As in present tense?”
“Yes.”
“Christ.”
“The thing is huge. Shaped like a boomerang, hence the name. Two airfoil-shaped hulls join at the bow to form a V shape, twenty missile silos on each hull. Virtually invisible to detection. When she’s running submerged at speed, a single conning tower at the bow is retracted entirely within the hull.”
“An underwater flying wing.”
“Yes. An invisible underwater flying wing. At least three times faster than anything either of us has got.”
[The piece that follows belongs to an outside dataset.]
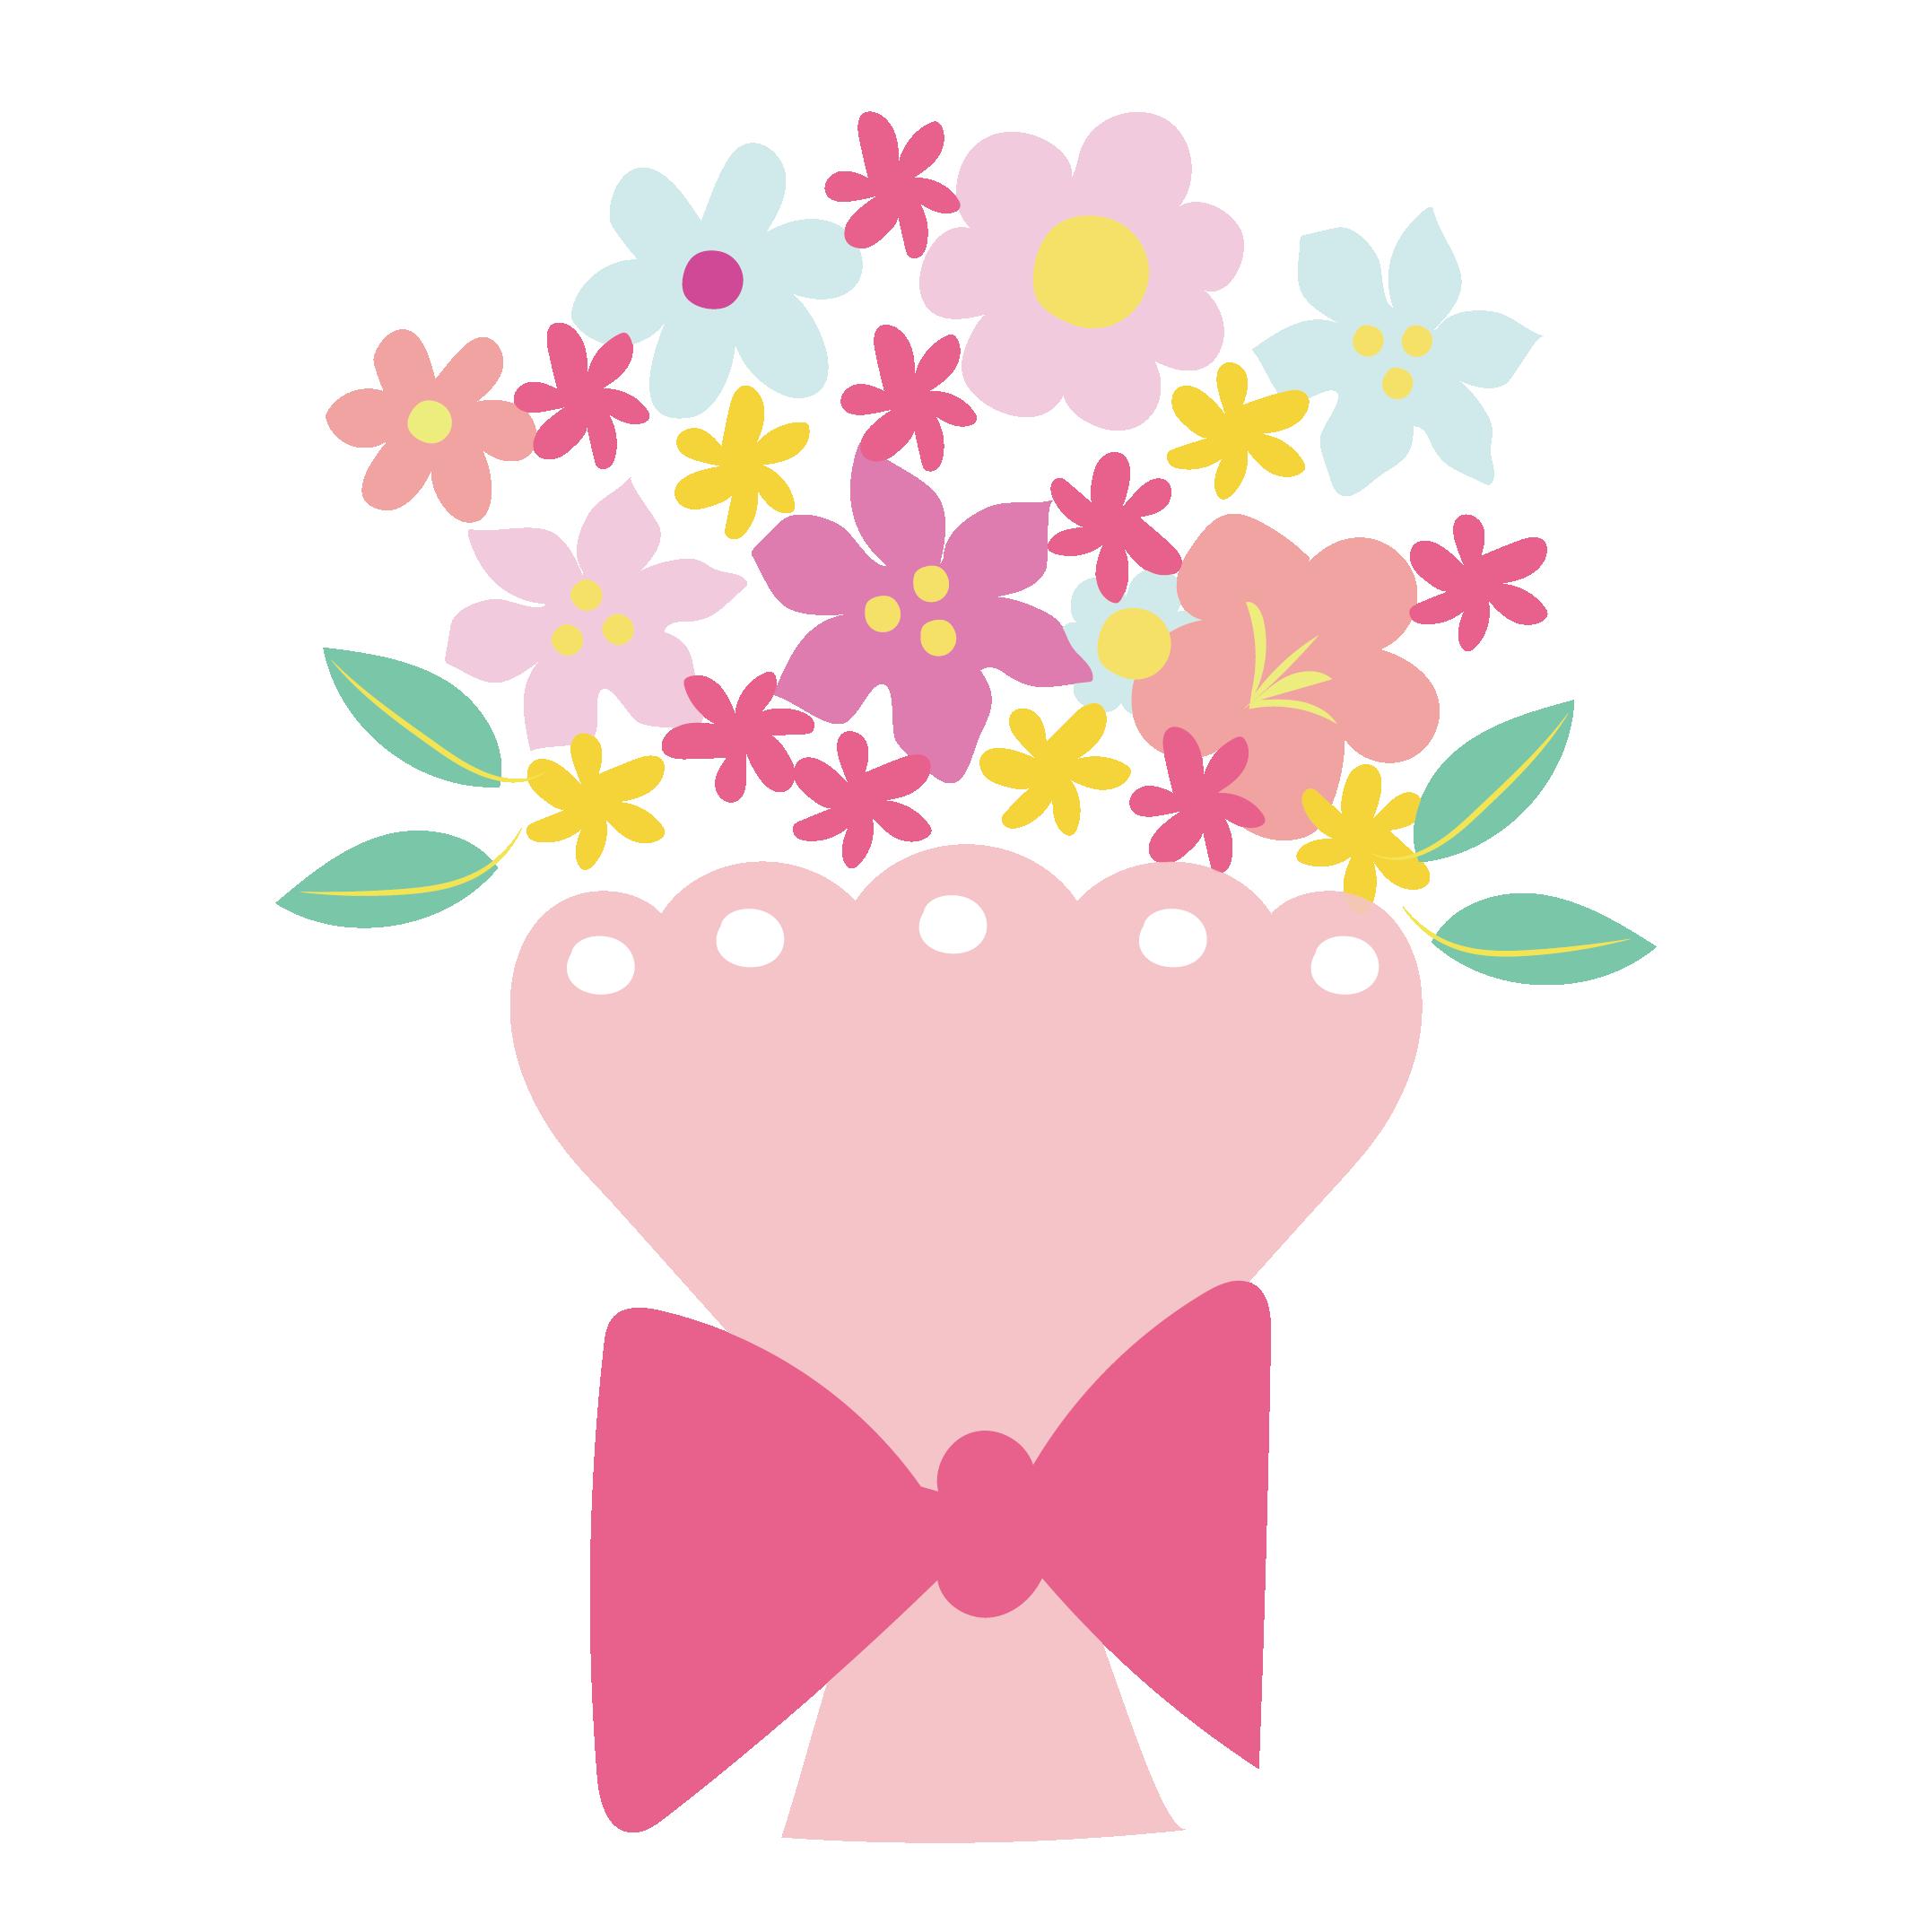 かわいい 花束 フリー イラスト 手描き風 商用フリー無料の
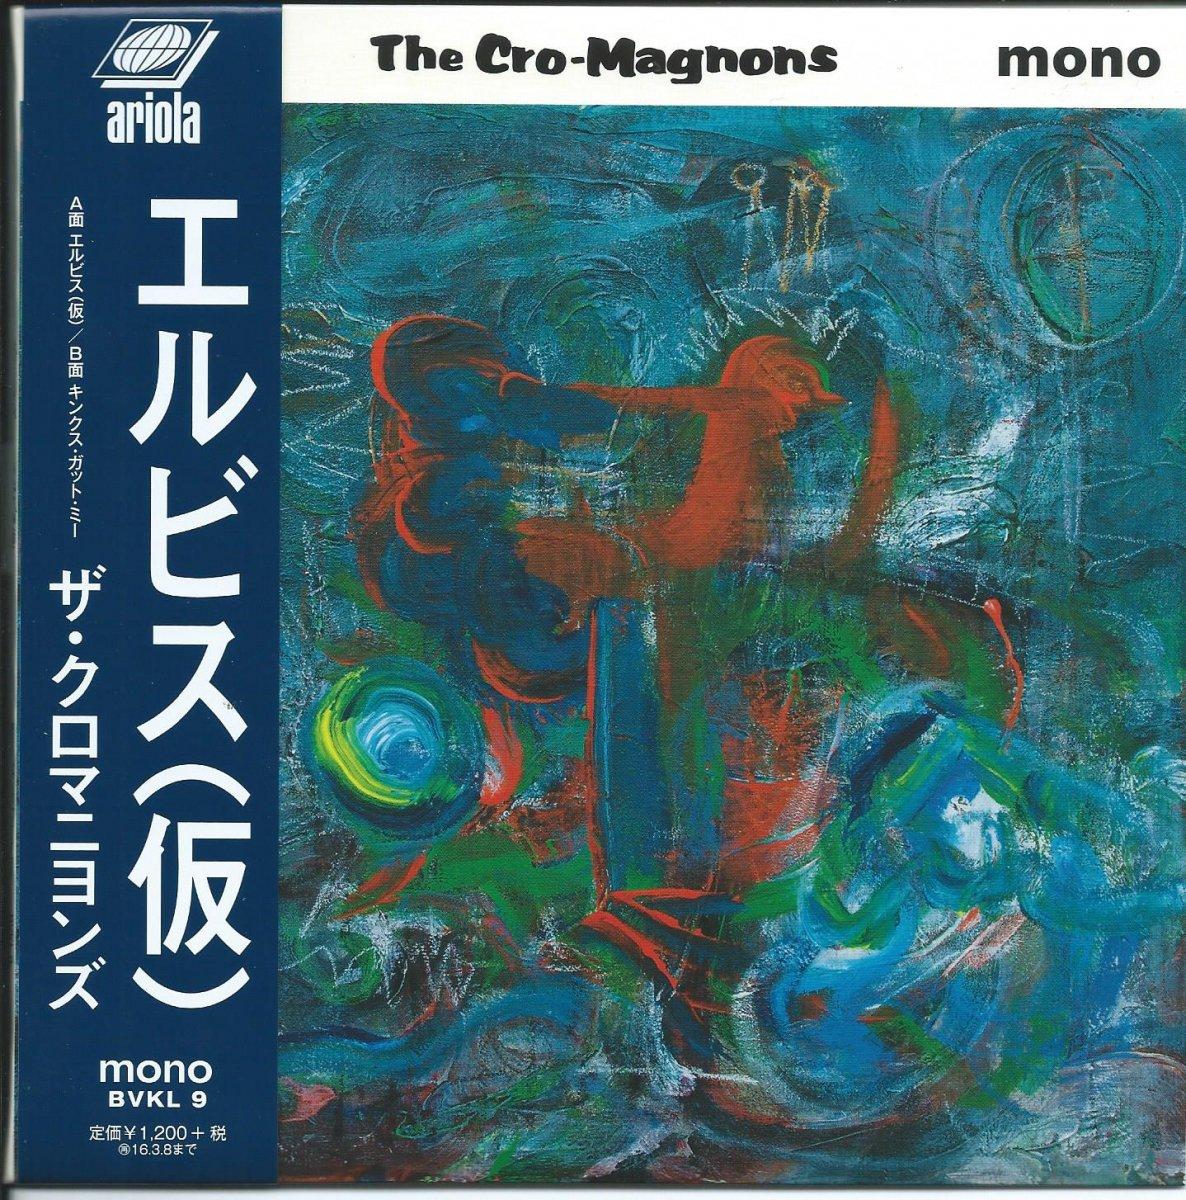 ザ・クロマニヨンズ THE CRO-MAGNONS / エルビス(仮) / キンクス・ガット・ミー (7

“Bloody hell. They actually got one up and running?”
“They built two.”
“Yes?”
“We can only account for one.”
“What do our new best friends have to say about that?”
“Moscow says it was stolen.”
“Security never being their strong point.”
“Exactly. They say they have no idea where it is. The theory both at Defense and here at State is that one sub has probably been sold. The president would like you to find out who sold it. And more importantly, who bought it. And when.”
“Consider it done,” the Englishman said, springing from his bed and grabbing his robe from the back of a chair.
“We could have phone sex now if you’d like,” the woman said.
“I wouldn’t even dream of taking advantage of you at a moment like this, darling.”
“I’ll take that as a no. Go back to sleep. Good night, baby.”
“Good night.”
“I love you, Alex,” the woman said.
But the Englishman’s heart was in another place entirely, and he had no reply to that.
“Good night,” he repeated softly, and replaced the receiver. He had told her that their relationship was over. And that he was very much in love with another woman. No matter what he said, or how frequently, however, it didn’t seem to take.
He stood up, stretched, and pushed the bell that would alert Pelham down in the kitchen that he’d be having an early breakfast. Then he dropped to the floor by his bed, did his customary thirty push-ups and fifty sit-ups, followed by the rest of his exercise program. Muscles aflame, he then headed for the shower.